夢の中で唐突に現れたのは昴。それだけでも気分は最悪なのに、あり得ないことを笑顔で口走ってたんだ。
仲直りしよう、と。
あり得ない。馬鹿だろ、んな確率ゼロだ、0で零だ。
ふざけんな。
…………ハッ!
「…………」
無意識に嘲笑ってたら、俺の邪悪なオーラのせいで寝ていたベッドが一瞬で腐った。
瞬きを数回繰り返して唖然としてしまったが、冷静に時間を戻して直す。
時間が戻り過ぎて新品状態になったけど。
「ハァ…………」
溜め息を吐いて、仰向けでベッドへ再び倒れ込む。
ヤバい、気持ちいい。
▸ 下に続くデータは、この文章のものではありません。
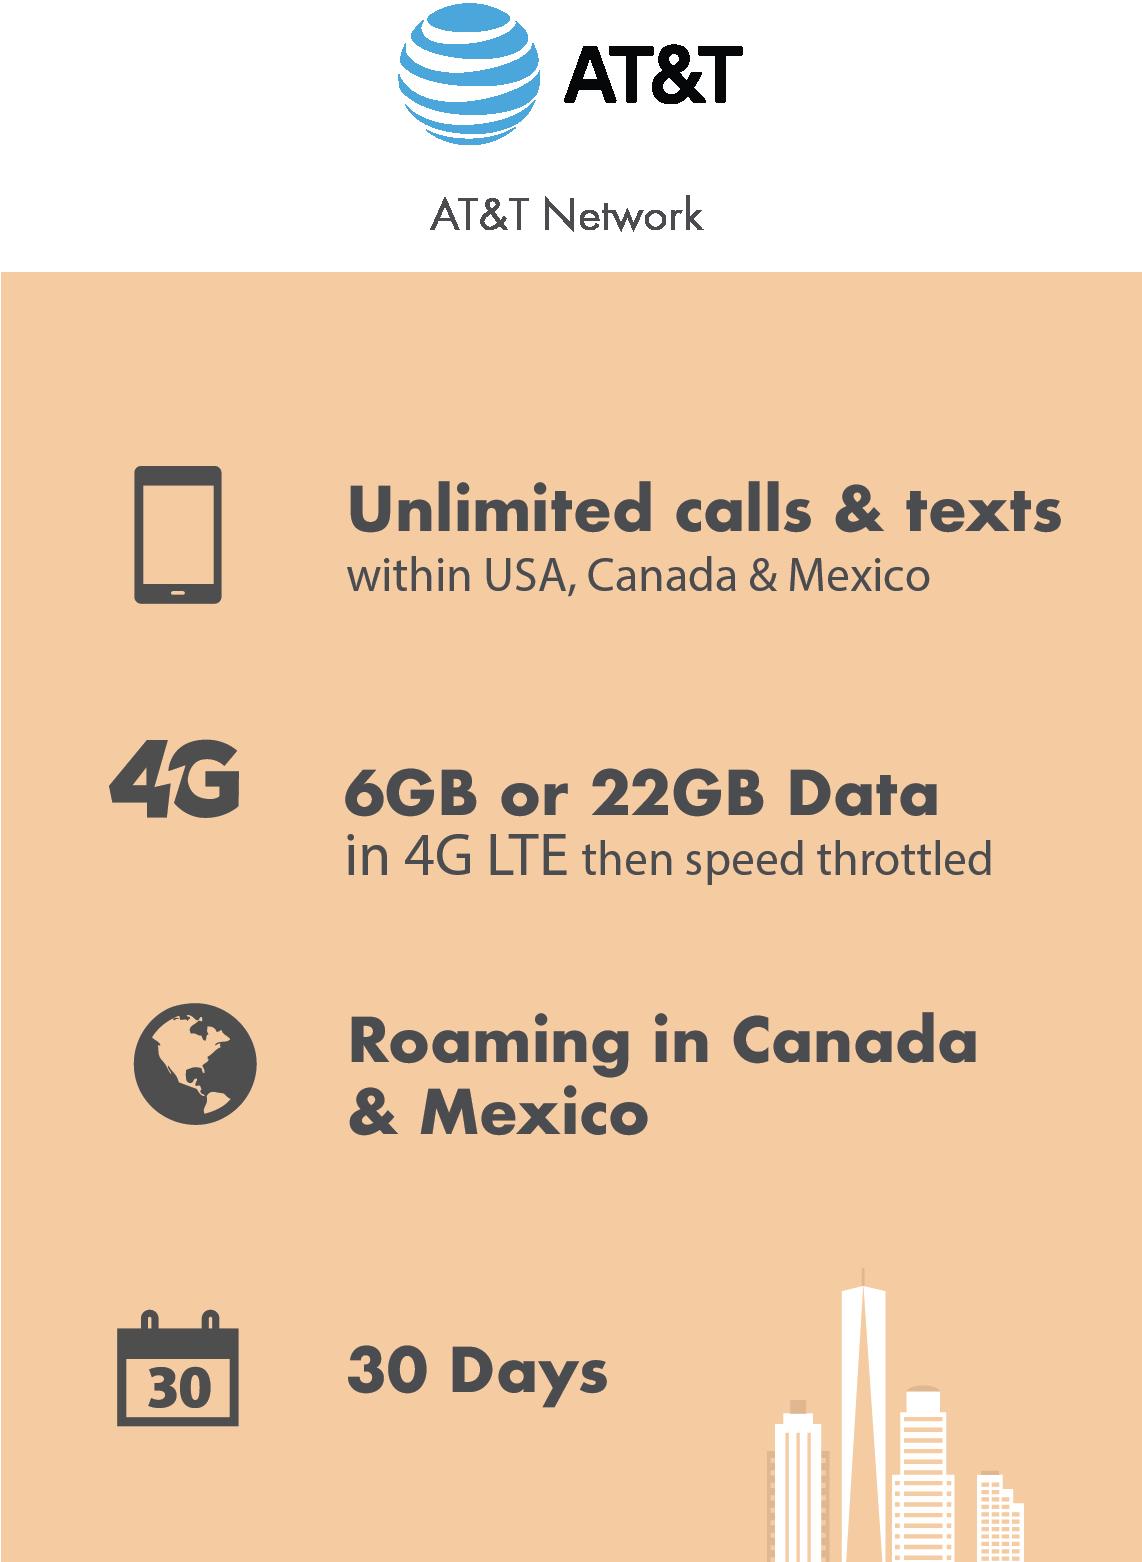 AT&T 6GB or 22GB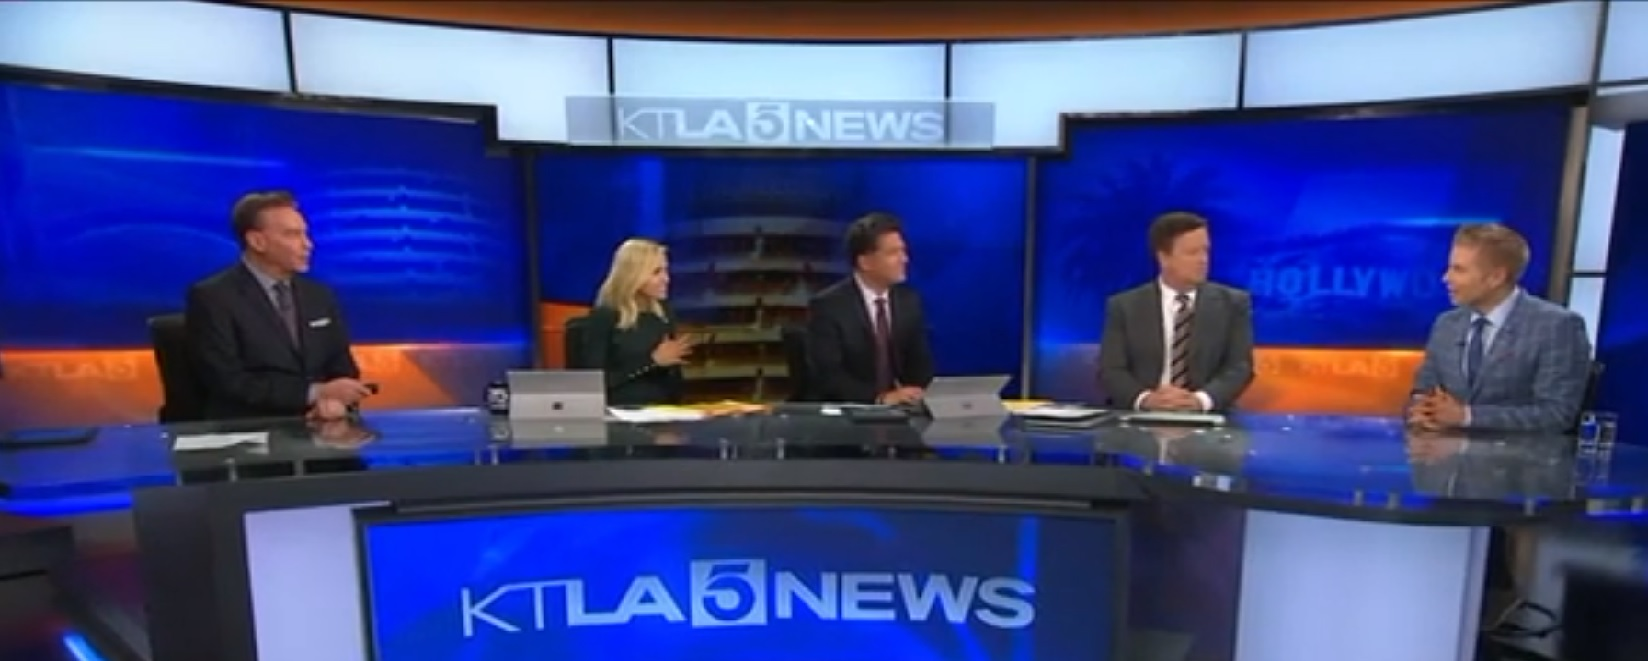 How Bad will the Tax Reform Screw Californians? KTLA News Video

フカフカ……。
頭の中で2度寝、という考えが過った。まだ9時半だしな……。
ただ、あの夢をもう1度見るかもしれないと思うと、途端に眠る気も失せた。
それにだ。この世界に来て……邪神になって初戦闘になる。少しでも身体を慣らした方がいいだろう。
……仕方無い。ギルドで依頼を受けるか。
ベッドから身体を起こし、ハンガーに掛けてあったロングコートを羽織る。
纏った黒色に落ち着いた感覚を覚えながら、俺はギルドを目指すべく宿を後にした。